Y esto sí, que fue una aventura caprichosa pero fértil de unos adolescentes de la Villa, una cueva que bautizaron con el nombre de la Angustia por su difícil localización. Ante todo, fue una historia fantástica, romántica, y grotesca. Que sea una merecida ofrenda a Salvador Oliva Cruz y a José Miguel Salamanca un gran alfombrista unos 40 años confeccionándola en la portada de la Iglesia de Nuestra Señora de la Concepción, en sustitución de otro gran Alfombrista que lo fue don Miguel Zerolo Fuentes abuelo del alcalde de Santa Cruz, hoy continúan sus hijos en el bregar de los brezos, pétalos, retamas.
Tito para los amigos, así lo llamaba José Miguel Salamanca, para que le socorriera.

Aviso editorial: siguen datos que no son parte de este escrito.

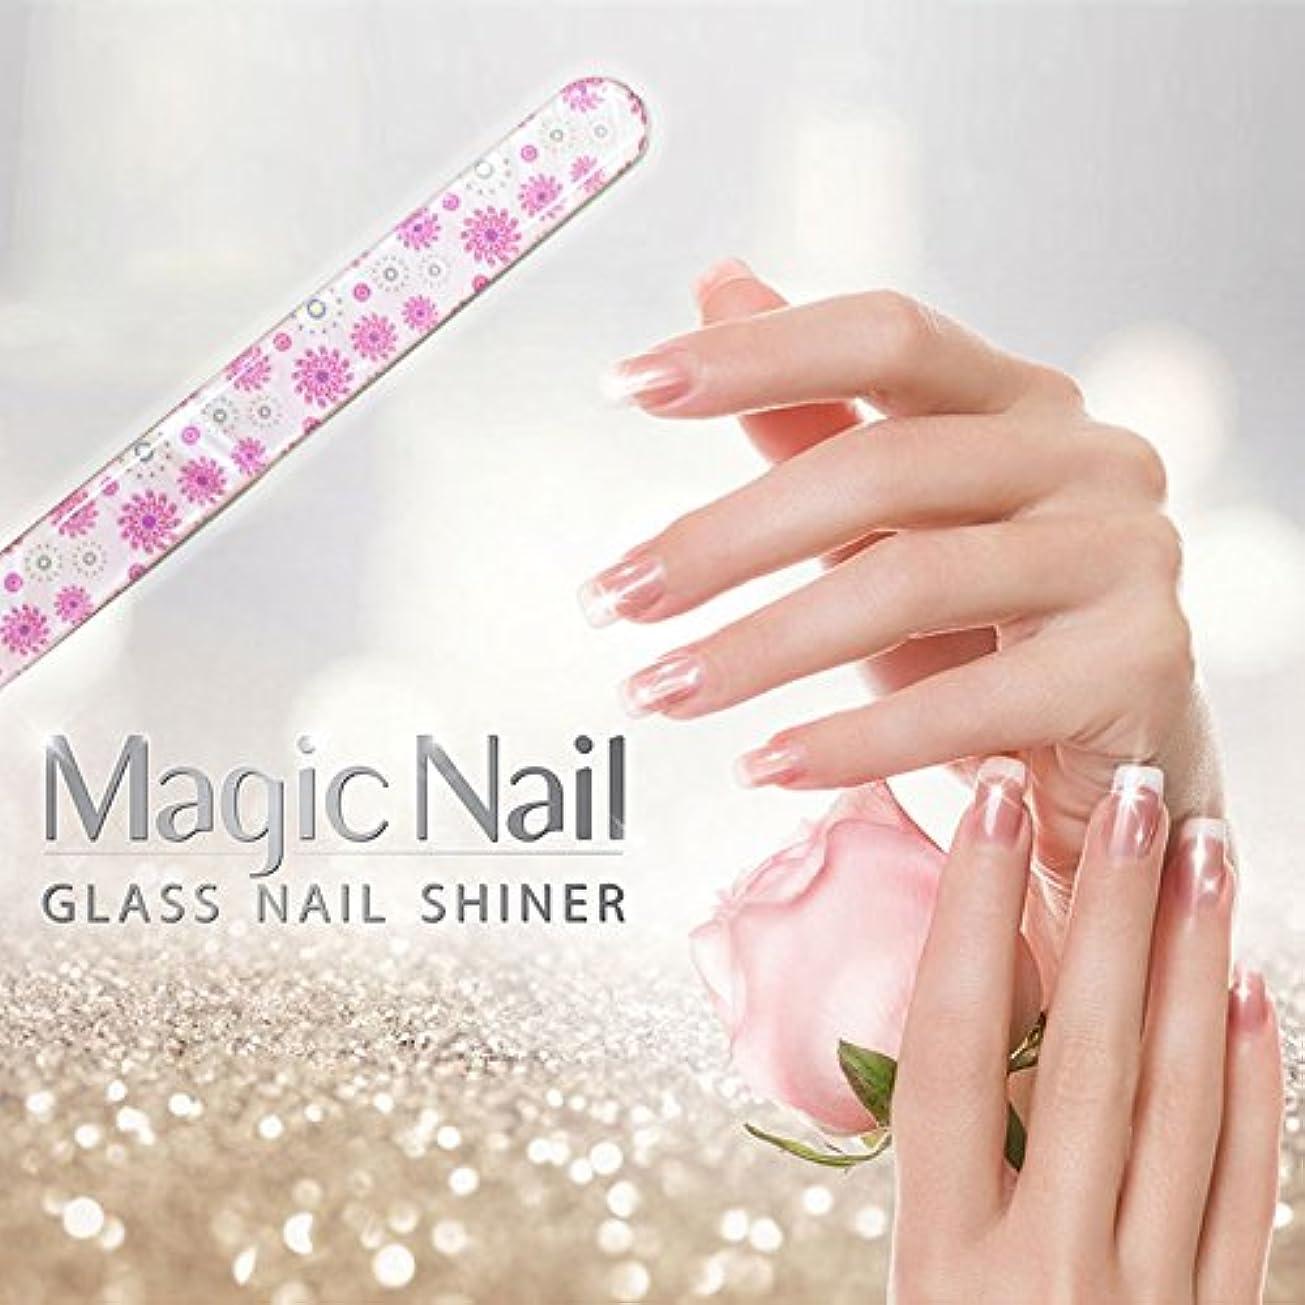 ナンセンス地域長いですエッサンテ(Essante) マジックネイル magic nail マニキュアを塗ったようなツヤ、輝きが家で誰でも簡単に出来る glass nail shiner ガラスネイルシャイナー おしゃれなデザイン つめやすり ツメヤスリ バッファー
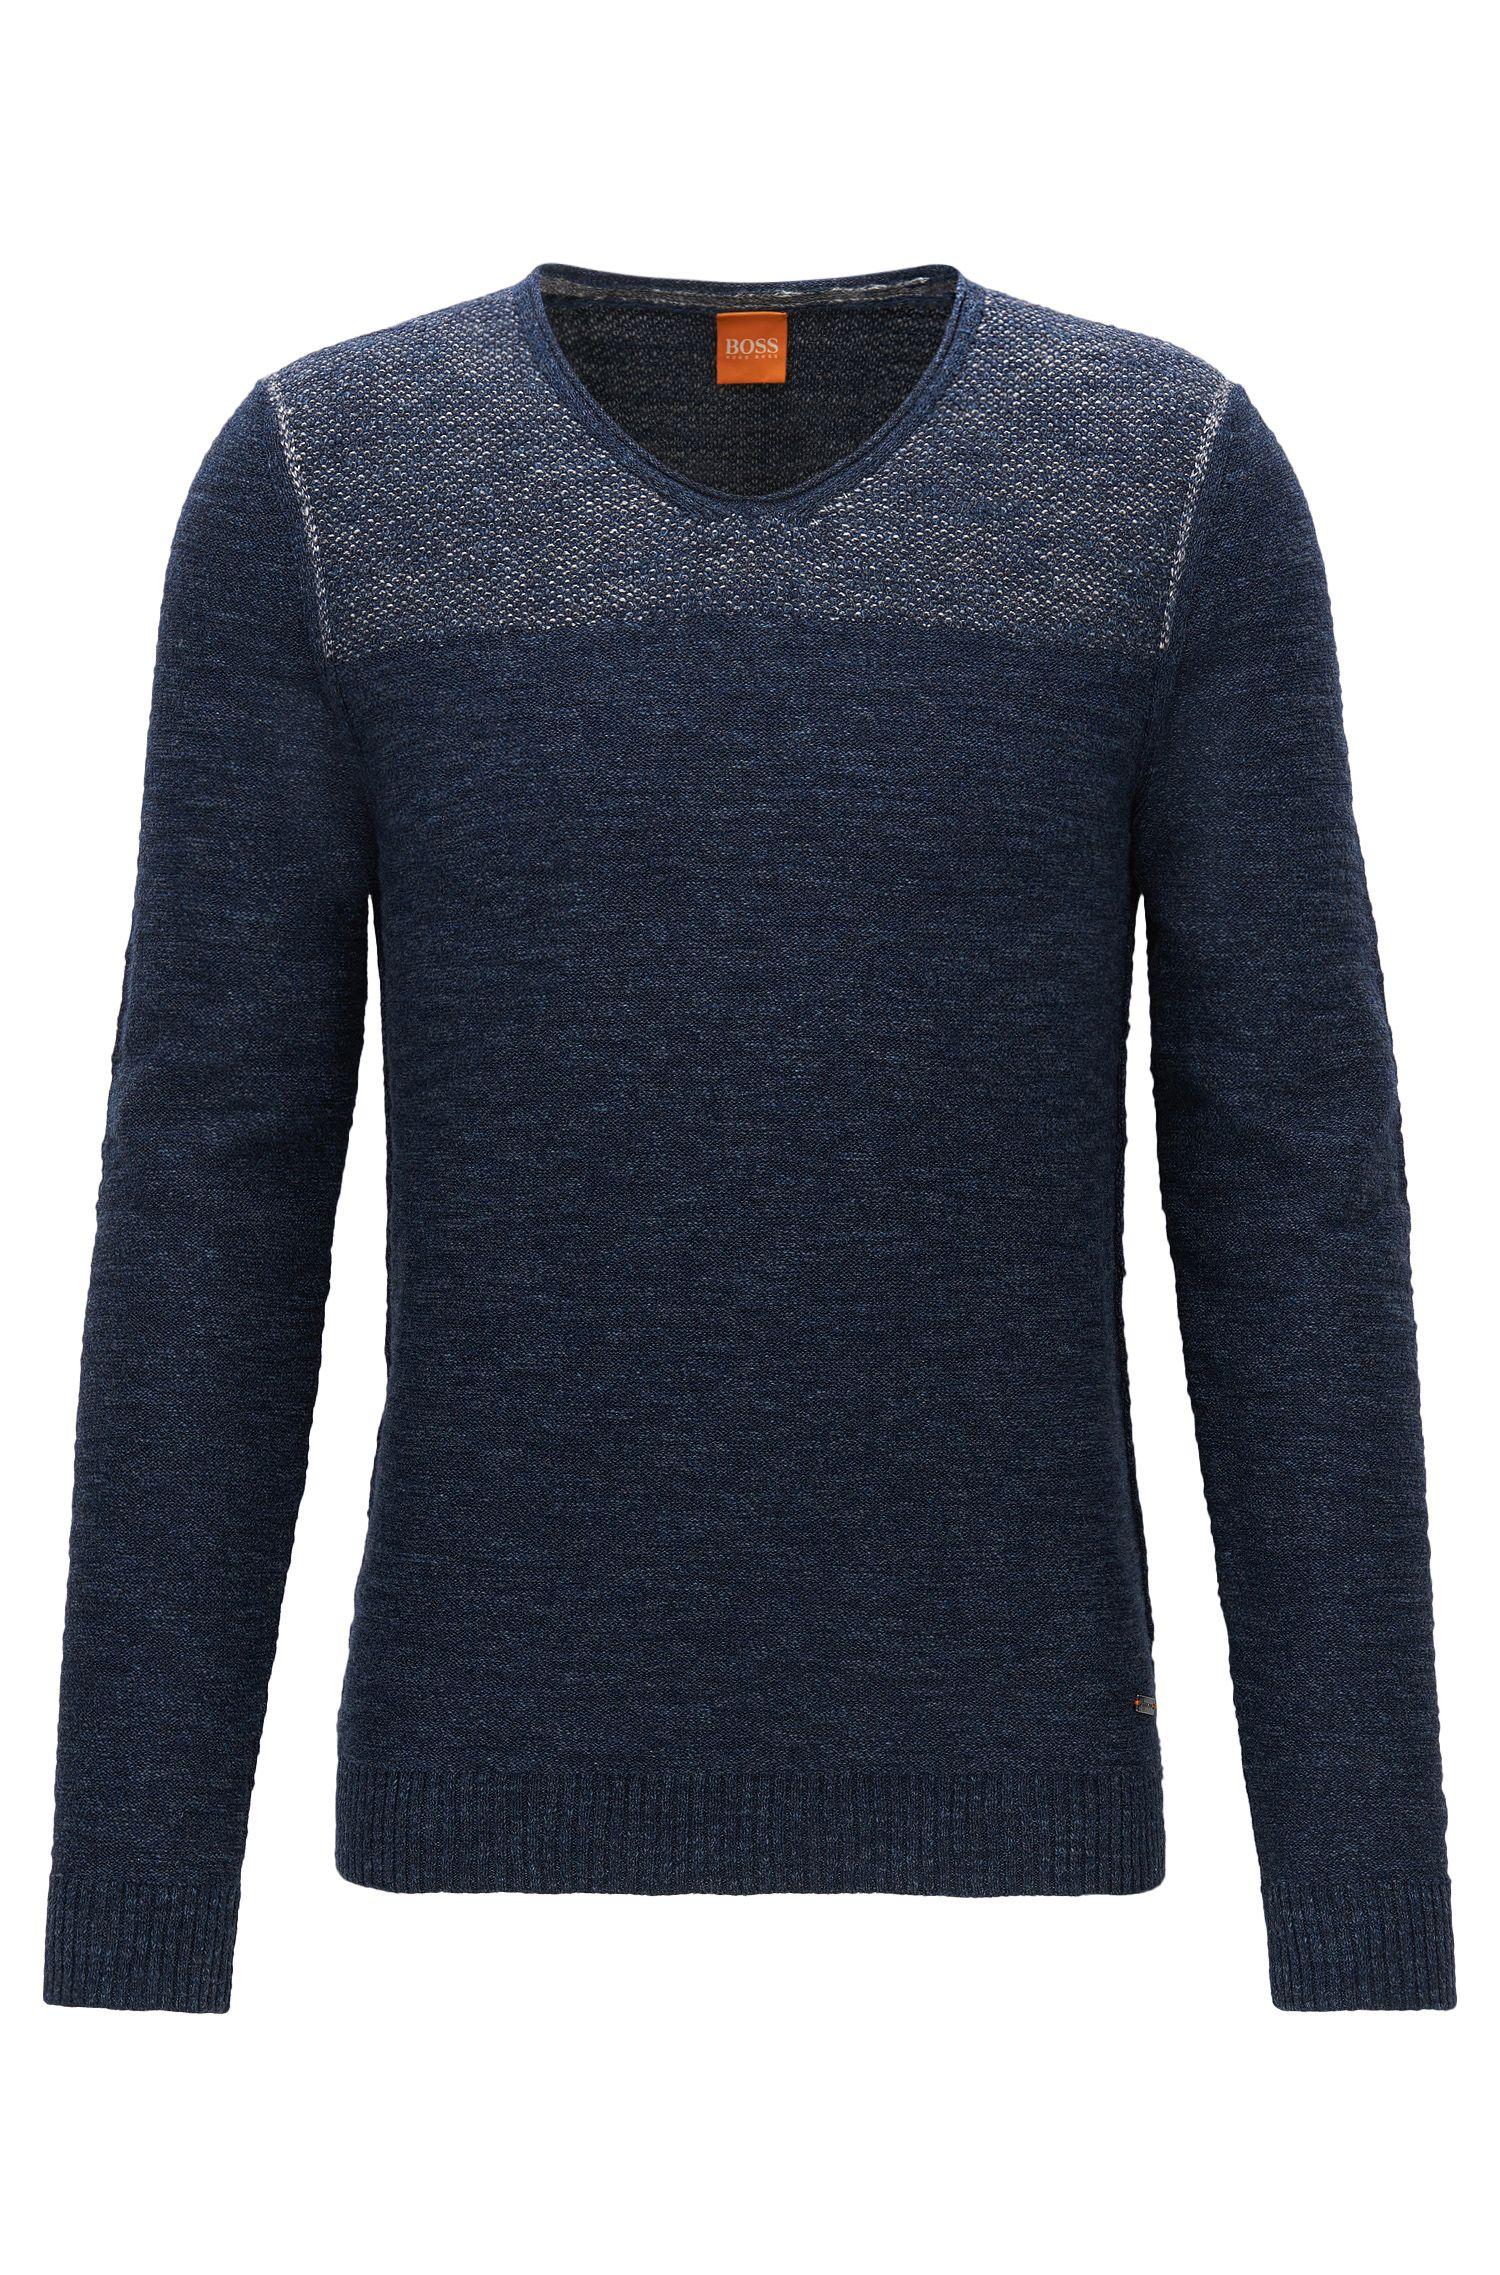 Cotton Sweater | Arbramus

Tito Y José Miguel  ya no están entre nosotros, ya no volverá a sorprendernos con tantas aventuras desmesuradas, hace poco sorprendentemente nos dejaron para siempre, quizá se acordaron de la Cueva de la Angustia eterna y ahí quisieron ir a complacerse.
José Miguel Salamanca, fue el propulsor de que se usaran los pitos en las noches mágicas de cinco de enero víspera de día de Reyes. Organizó en tres ocasiones la Cabalgata de Reyes de La Orotava, con sus amigos íntimos villeros, exhibiendo largometrajes cinematográficos en el entonces Cine Orotava, conocido por el Cine de Don Casiano (Hoy Auditorio Teobaldo Power), como preámbulo económico de la organización de la mencionada cabalgata.  
Pero la faceta más importante, fue la de alfombrista - artista, todos los años desde el principio de la década de los años sesenta del siglo XX, realizaba su tapiz, por fuera del templo Matriz de Nuestra Señora de la Concepción (el primero que pisar la Divina Majestad), tapiz de forma circular que en la actualidad continúa su hija, y que le traspasó entonces el artista don Miguel Zerolo Fuentes, ex alcalde de Santa Cruz de Tenerife.